4. Pre-processing the data

a. Remove the target from the entire dataset

In [80]:
X = data.drop("loan_status", axis=1, inplace = False)
y = data.loan_status
In [81]:
y.head()
Out[81]:
70467        Current
165635    Fully Paid
496523       Current
182496    Fully Paid
554977       Current
Name: loan_status, dtype: object

b.

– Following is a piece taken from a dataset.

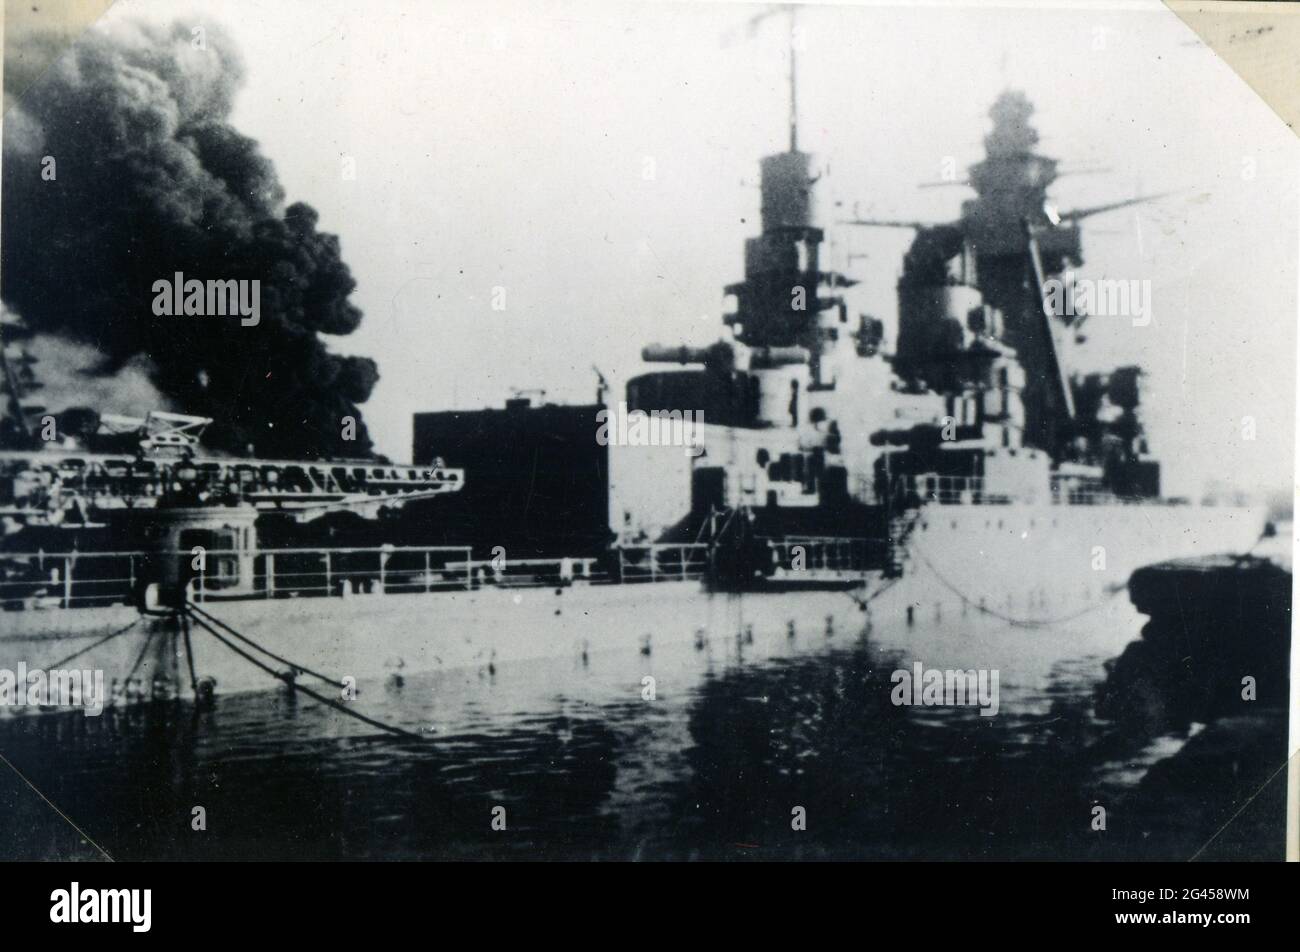 Événements: Deuxième Guerre mondiale / Seconde Guerre mondiale, France, scutling de la flotte française à Toulon, 27.11.1942, navires de guerre endommagés Strasbourg Banque D'Images

Transform the data into a model matrix with one-hot encoding

  • isolate the variables of char class
In [83]:
def model_matrix(df , columns):
    dummified_cols = pd.get_dummies(df[columns])
    df = df.drop(columns, axis = 1, inplace=False)
    df_new = df.join(dummified_cols)
    return df_new

X = model_matrix(X, ['grade', 'emp_length', 'home_ownership', 'verification_status',
                    'pymnt_plan', 'initial_list_status', 'application_type', 'verification_status_joint'])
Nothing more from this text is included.